Together, these three transcription factors activate the “organizer” genes such as chordin, noggin, and goosecoid.
Goosecoid is a transcription factor that specifies the dorsal mesoderm, which becomes the organizer
Noggin, Chordin and Cerberus are paracrine factors secreted by the organizer to specify the neural plate
What is the role of the organizer in dorsalization and neural plate induction?
The organizer, a region of dorsal mesoderm, expresses specific genes and releases ligands that act on the ectoderm, dorsalizing it and inducing the formation of the future nervous system.
What happens to the remaining ectoderm after part of it is dorsalized?
The remaining ectoderm differentiates into the epidermis and other surface ectoderm derivatives.
What are neural crest cells and when do they emerge?
Neural crest cells emerge at the interface between the surface ectoderm and the neural tube just at the end of neural tube closure. They start to migrate and contribute to key parts of the embryo.

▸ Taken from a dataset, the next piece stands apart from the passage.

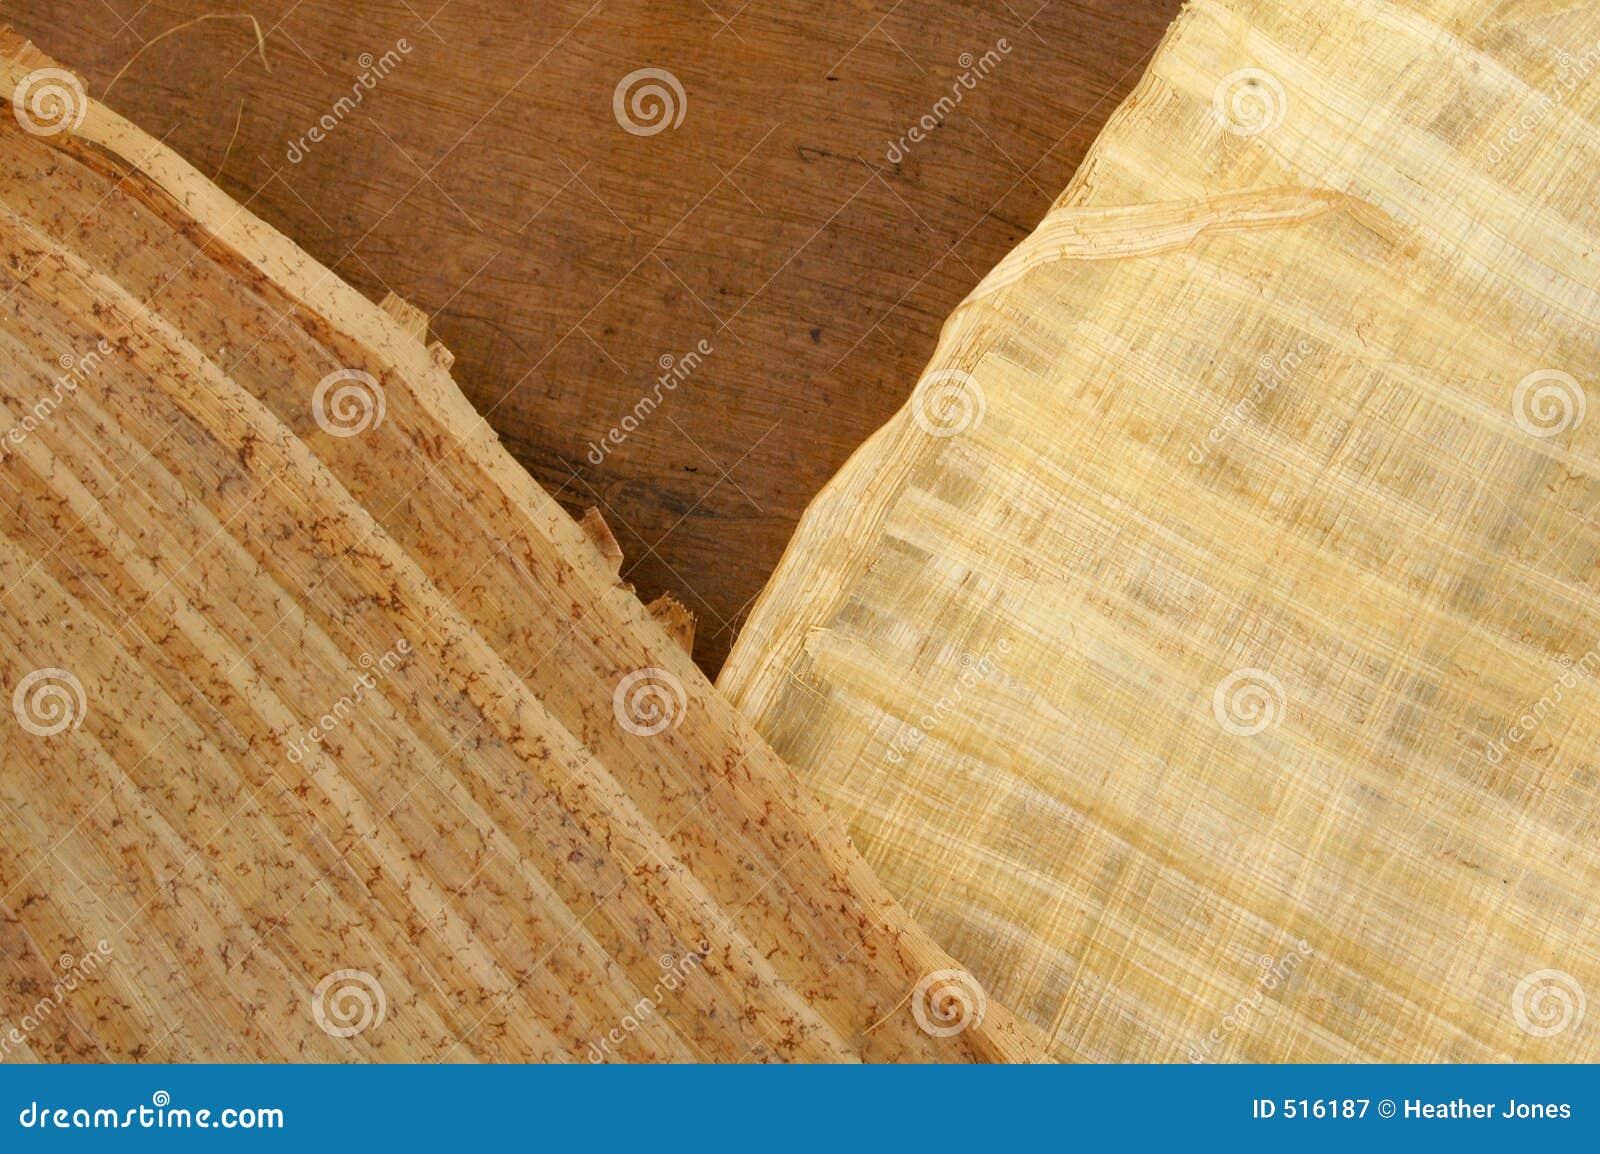 9 papper mönstrat trä

What are some of the key ligands released by the organizer?
Key ligands released by the organizer include noggin, chordin, and follistatin. These ligands inhibit BMP signaling to promote neural specification.
What is the role of BMP signaling in ectoderm differentiation?
BMP signaling promotes surface ectoderm differentiation. Its inhibition is necessary for neural specification.
What is the function of the TGF-beta signaling pathway in neural plate induction?
BMP, a component of the TGF-beta signaling pathway, binds to tyrosine kinase receptors, triggering an intracellular cascade that activates SMAD proteins, which then act as transcription factors. The organizer inhibits this pathway to promote neural tube induction.
How do noggin, chordin, and follistatin influence BMP signaling?
These ligands bind to BMPs and prevent their action, leading to neural specification by inhibiting BMP signaling.